Elas se conheceram na aula de dança e estão desfrutando de uma tarde de sol antes de participarem de uma competição de salsa. Elas compartilham seus sonhos e as consequentes frustrações pela não concretização destes, até o momento que uma delas têm uma epifania: precisam sonhar sonhos palpáveis.
Uma das garotas sugere uma viagem às praias cubanas, onde possam desfrutar verdadeiramente de um banho de sol. Decidem, então, fazer um pacto para economizarem dinheiro e viajarem no ano seguinte para Cuba. A partir deste argumento, toda a trama se desenvolve, abordando questões como amizade, companheirismo, preconceito e, de forma leve e nada panfletária, toda a crise econômica pela qual o país passa desde o final da era Menem e que teve ápice durante o governo de Fernando de la Rúa.

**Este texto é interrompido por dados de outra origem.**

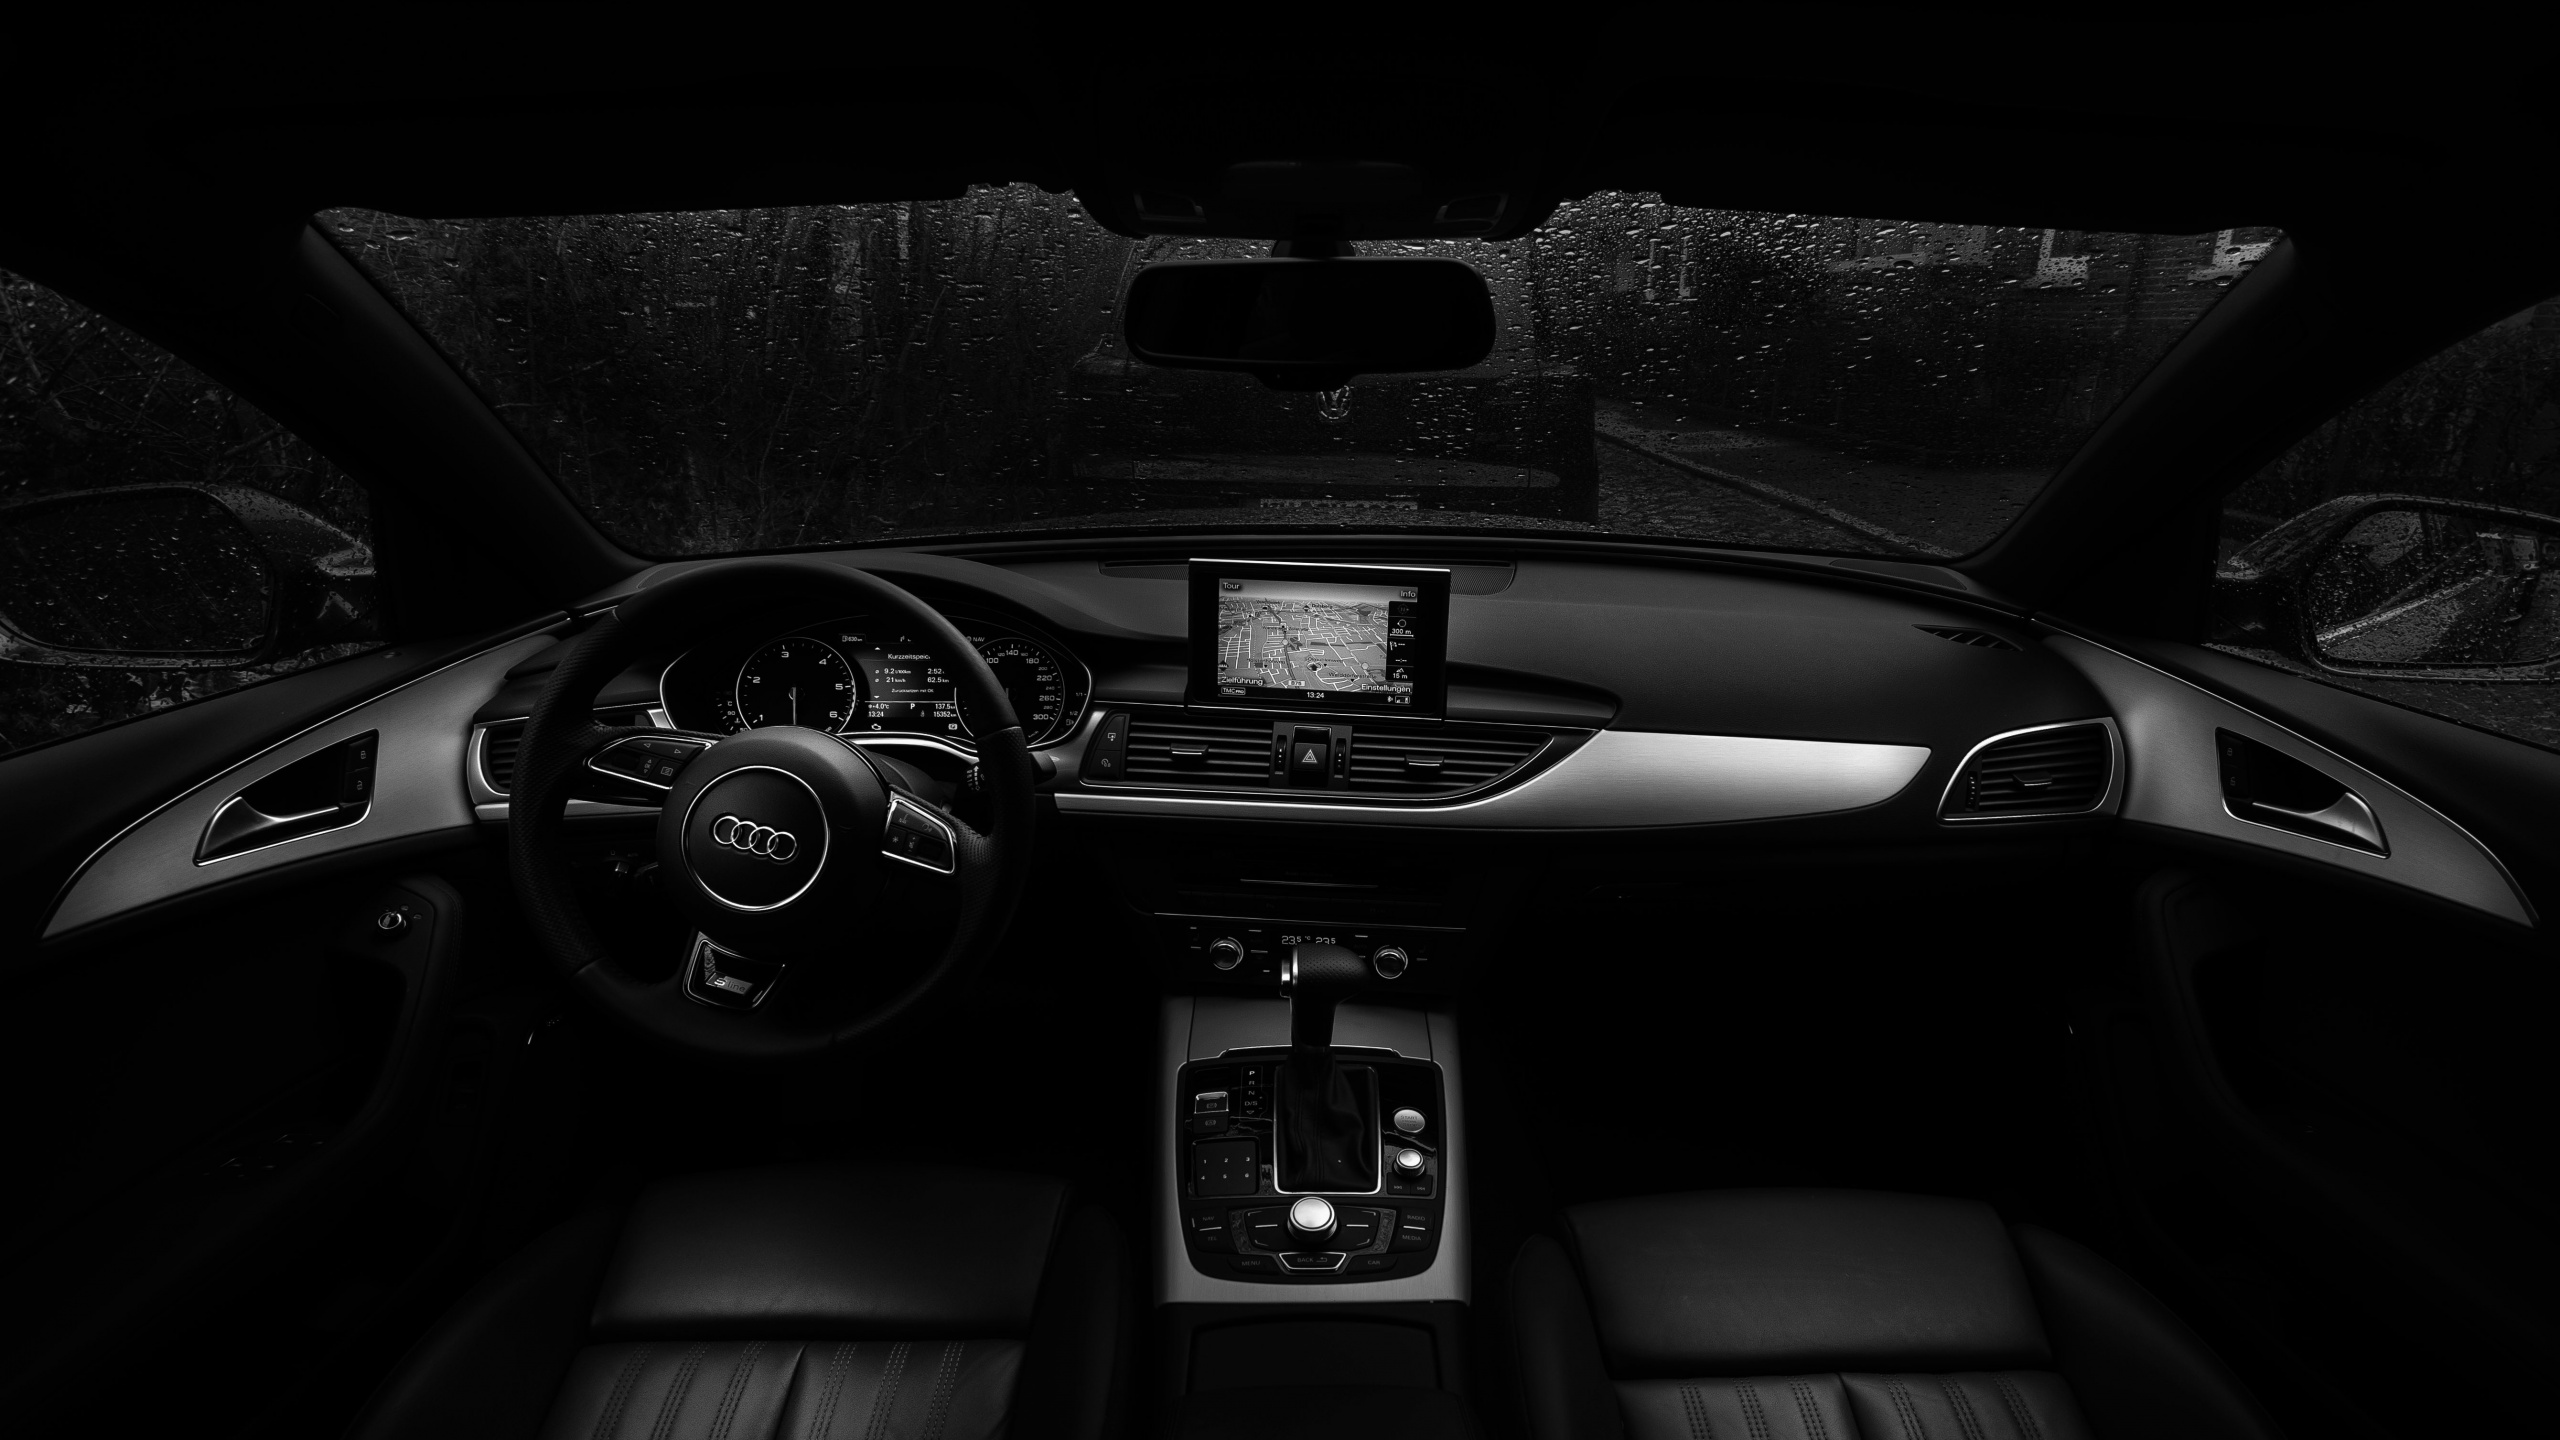 Black and Gray Car Interior. Wallpaper in 2560x1440 Resolution

Elas compartilham seus sonhos e as consequentes frustrações pela não concretização destes, até o momento que uma delas têm uma epifania: precisam sonhar sonhos palpáveis.
A Argentina sofreu com a corrupção no governo de Carlos Menem durante os anos 1990. Já com Fernando de la Rúa, o problema da queda do PIB, aumento do desemprego, da inflação e a consequente alta dos preços criou um período de instabilidade política e econômica no país, retraindo o poder de consumo da classe média argentina. E este sufoco é a metáfora transformada em tons amarelos e calor acima de quarenta graus que vemos em Las Insoladas.
Com temáticas diferentes, que se cruzam nas entrelinhas também de formas diferentes, há um grande risco de que se espere de Las Insoladas que ele seja Medianeras. Porém, não o é.
A dupla Taretto-Martínez faz, novamente, um grande trabalho com a fotografia. Las Insoladas é um filme em tons quentes, no qual a direção de fotografia e a direção de arte funcionam incrivelmente bem, criando um cenário por vezes sufocante, tamanha sensação de calor transmitida pelo uso de cores.
O diretor obtém êxito em transportar o espectador para esse mesmo terraço onde encontram-se suas personagens, utilizando, ainda, a marcação de tempo na tela. Contudo, talvez isso acabe jogando um pouco contra o longa.
Algumas sequências são demasiado arrastadas. Poderiam, sem perda à narrativa, serem cortadas pela metade, tornando o filme mais dinâmico. Até por isso, alguns diálogos soam desconexos com o contexto do filme. Ainda assim, Las Insoladas é uma “dramédia” divertida, curiosa e pertinente.
Se todos os curtas de Gustavo Taretto forem como os já transformados em longa, teremos bons sopros de criatividade pela frente.